Fracture facies analysis laboratory
FILAB, a fracture surface analysis laboratory, specialises in the study of fracture surfaces to determine the mechanisms responsible for material failure. Using state-of-the-art equipment, such as scanning electron microscopy (SEM) coupled with chemical analysis using EDX spectroscopy, we help industries to identify the causes of fracture in their raw materials or finished products..
Would you like to carry out a fracture surface analysis on a metal part?
What is a fracture surface?
A fracture surface refers to the surface of a material that has fractured. It can provide valuable information about the reasons for the fracture and the characteristics of the metallic material.
Metallic materials, used in a wide variety of products, are susceptible to fracture over time as a result of wear. Observation of metallographic sections and precise analysis of fracture surfaces (fractography) enable the causes of fracture to be identified.
The fracture surface is the appearance of the surface created by the fracture of a part.
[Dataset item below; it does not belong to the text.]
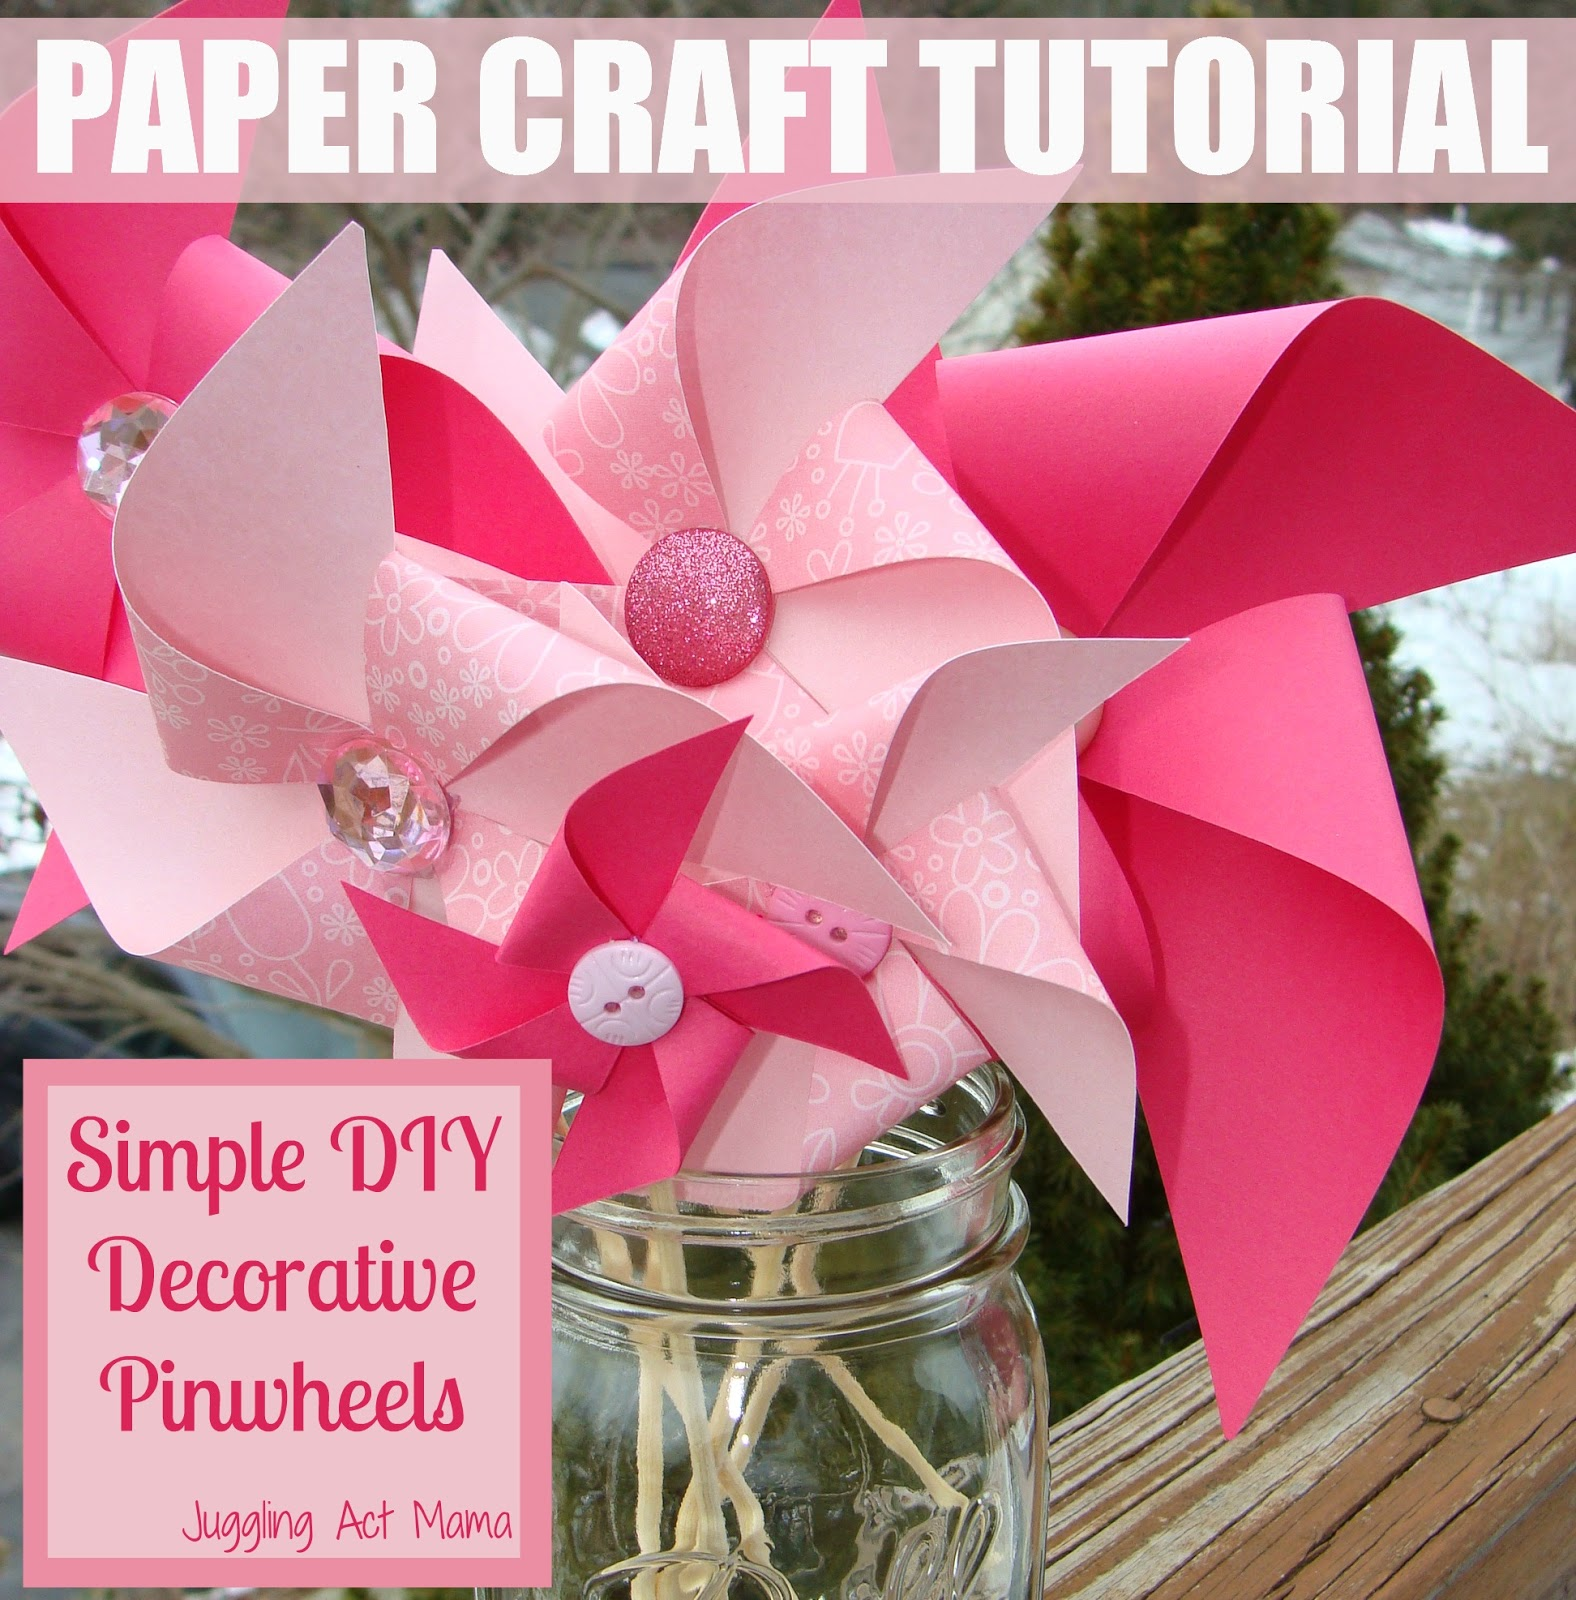 TUTORIAL - Simple DIY Decorative Pinwheels - Juggling Act Mama

Each fracture has a specific fracture surface, making it possible to identify the cause and origin of the fracture: fractography is the art of analysing the fracture surface of broken parts.
Types of fracture surfaces
Fracture facies fall into several categories, including ductile, brittle, fatigue and corrosion.
Ductile fracture : This type of fracture involves significant plastic deformation before fracture. Example: Metal stretched before breaking shows a ductile fracture surface with deformation cavities.
Brittle fracture: Fracture occurs without significant deformation, leaving a clean fracture. Example: A ceramic part that breaks suddenly.
Fatigue fracture: This occurs as a result of repeated load cycles, forming progressive cracks. Example: A turbine blade subjected to vibrations.
Corrosion fractures: Caused by the chemical degradation of a material combined with mechanical stress. Example: A corroded metal pipe in a marine environment that cracks.
Analysis of fracture surfaces
Fracture surface analysis, also known as fractographic analysis, is a laboratory analysis used by industry to determine the causes of fractures in metal parts. This method is based on visual examination of fracture surfaces to determine their appearance characteristics, followed by microscopic analysis. Internal defects, such as cracks, inclusions or areas of weakness, can be detected using this technique.
Fracture facies analysis can reveal:
- The type of fracture: ductile fracture, brittle fracture or mixed fracture.
- The mechanical or chemical phenomena at the origin of the fracture,
- The critical zones: initiation, propagation and termination of the fracture.
Causes of material failure
Why call in a laboratory in the case of metal fractures?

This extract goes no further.